According to Sir Francis Younghusband:
The first serious attempt on the summit was on the 1922 expedition. However, a diplomatic debacle after the 1924 expedition, later known as the Affair of the Dancing Lamas led to expeditions being banned until 1933. The embarrassment to the committee was so great that the affair was covered up for over fifty years.[4]
See main article: 1953 British Mount Everest Expedition.
The committee began the organisation for the full-scale 1953 attempt (in case the Swiss attempt in 1952 failed) in 1951, when it arranged the 1951 reconnaissance expedition.

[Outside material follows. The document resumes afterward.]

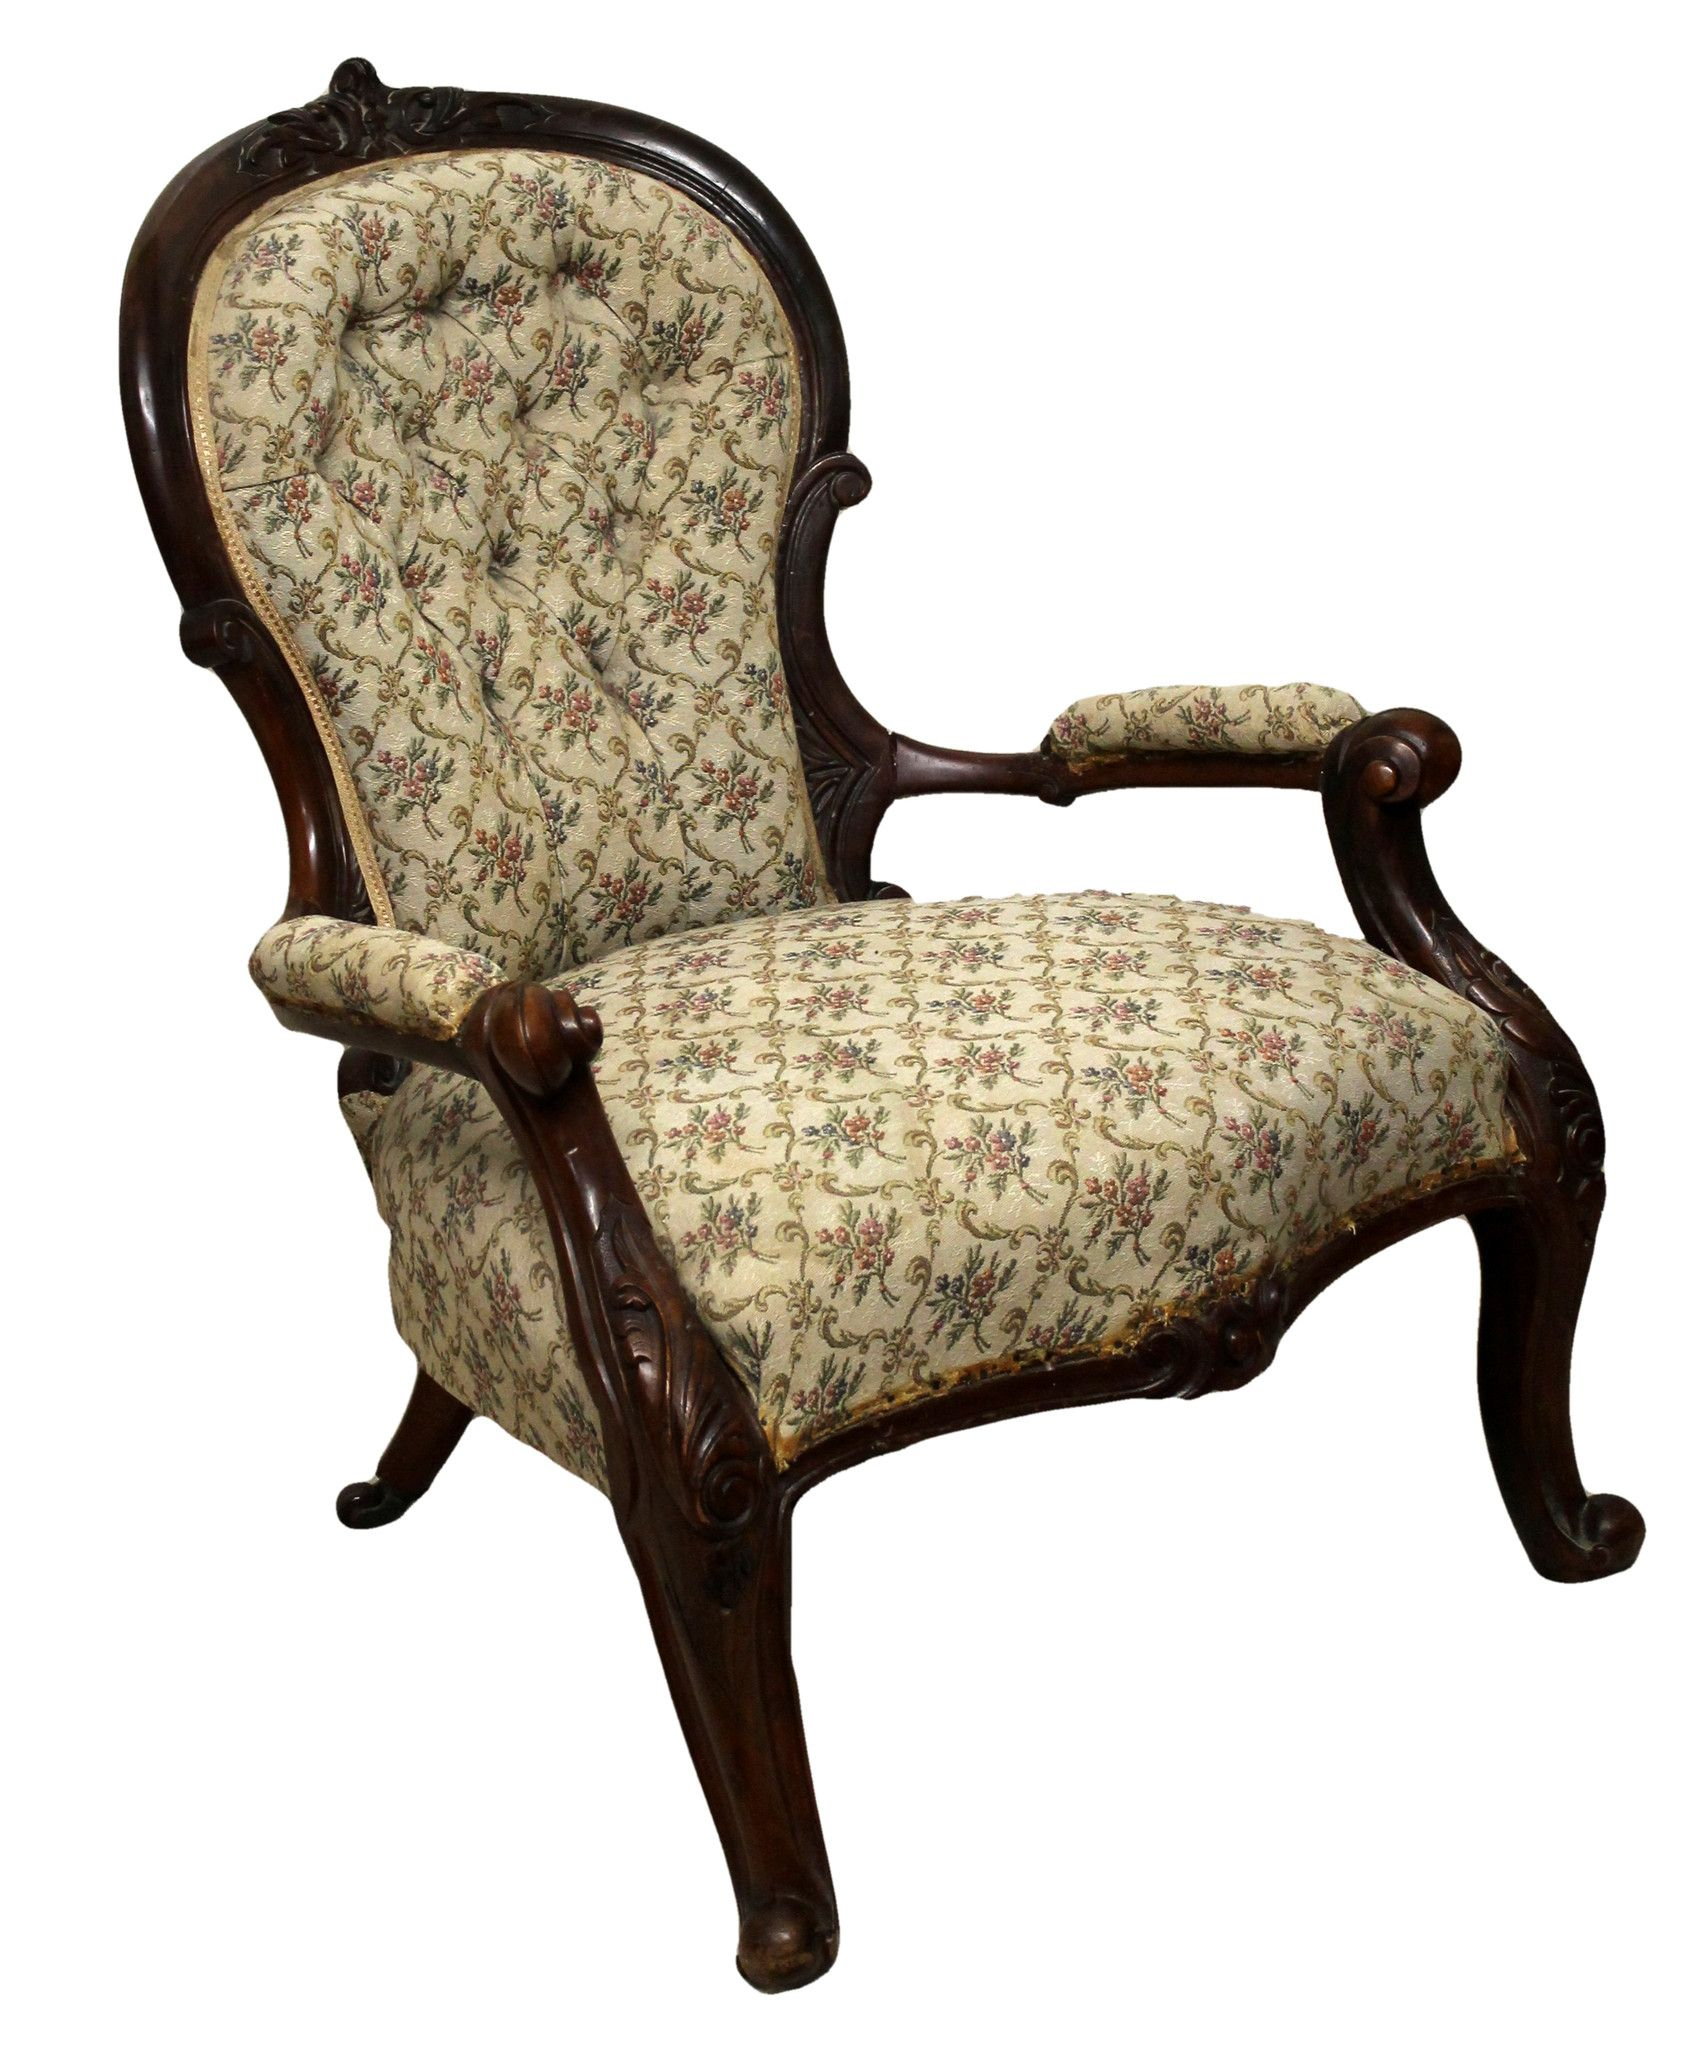 Astounding Victorian Antique Queen Anne Style Spoon Back Armchair Theyellowbook Wood Chair Design Ideas Theyellowbookinfo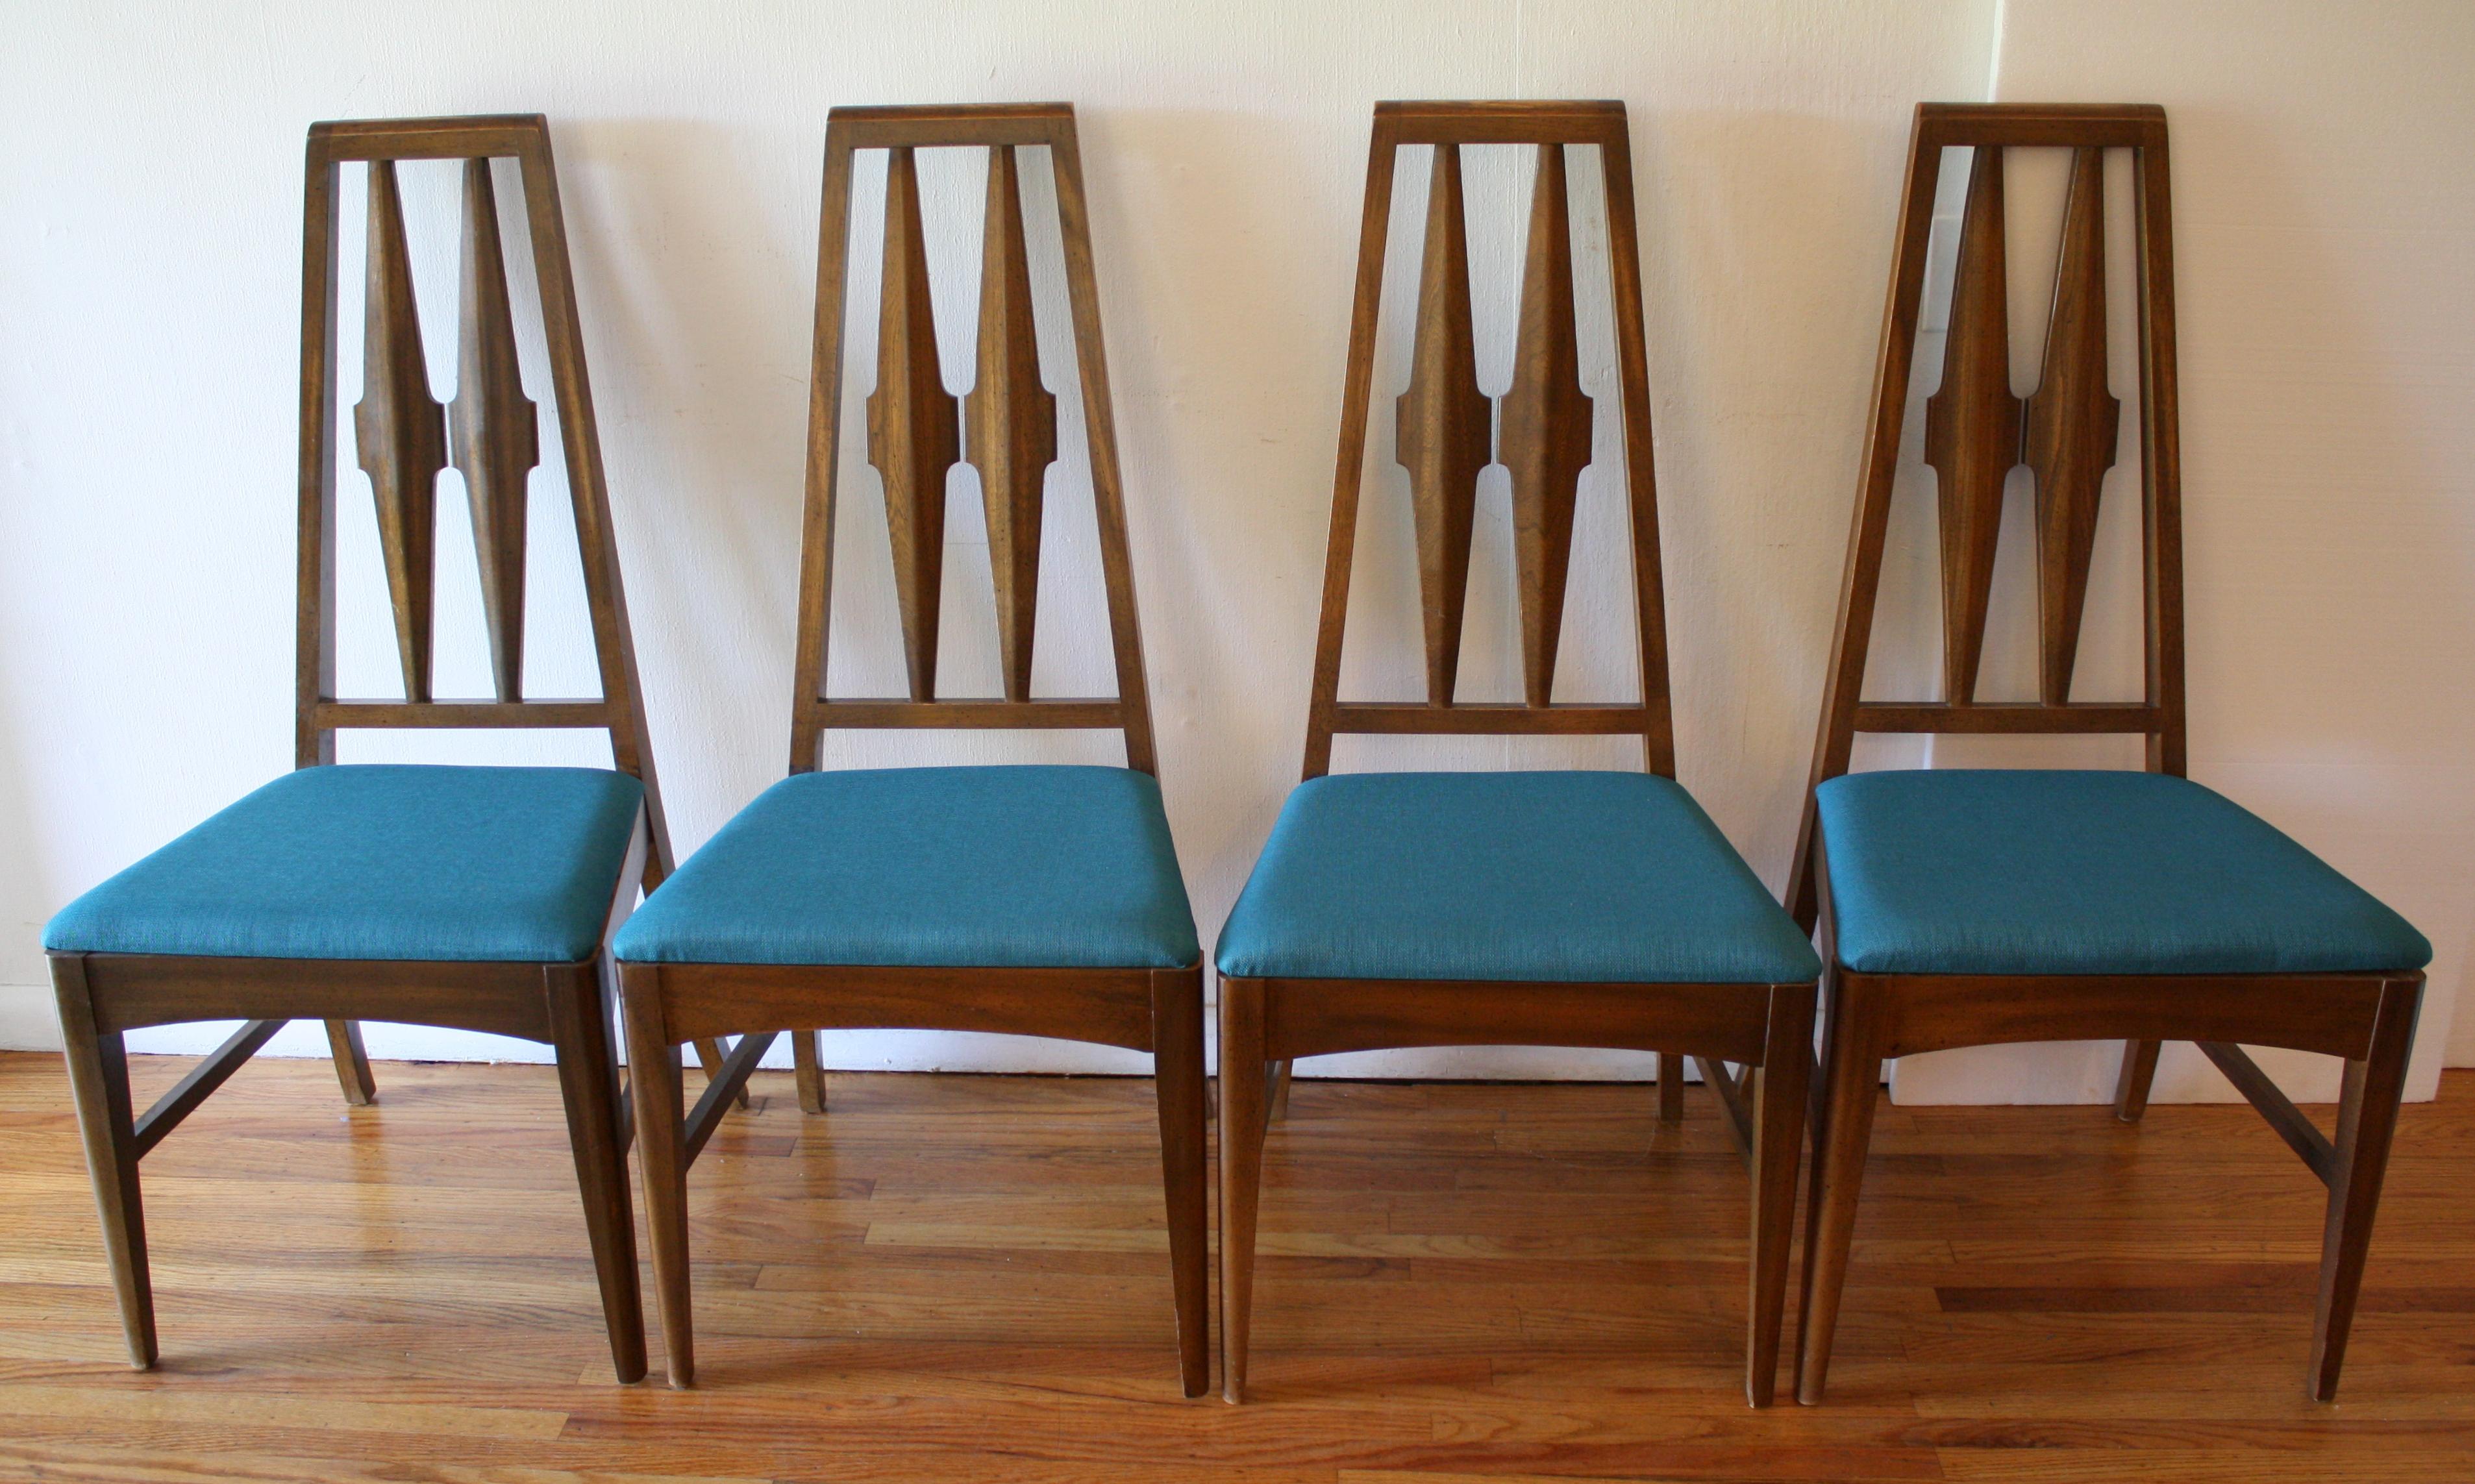 Broyhill Brasilia dining chair set of 4

In 1952, the following year, the Cho Oyu expedition was undertaken, which was also to test oxygen apparatus for 1953. But Cho Oyu was not climbed.[9] Members included Edmund Hillary. Hunt had asked earlier Everest climbers for comments on his 1953 plans; Teddy Norton advised him that previous assault camps had been too low, and that in 1953 it should be on or very close under the Southern Summit.[10]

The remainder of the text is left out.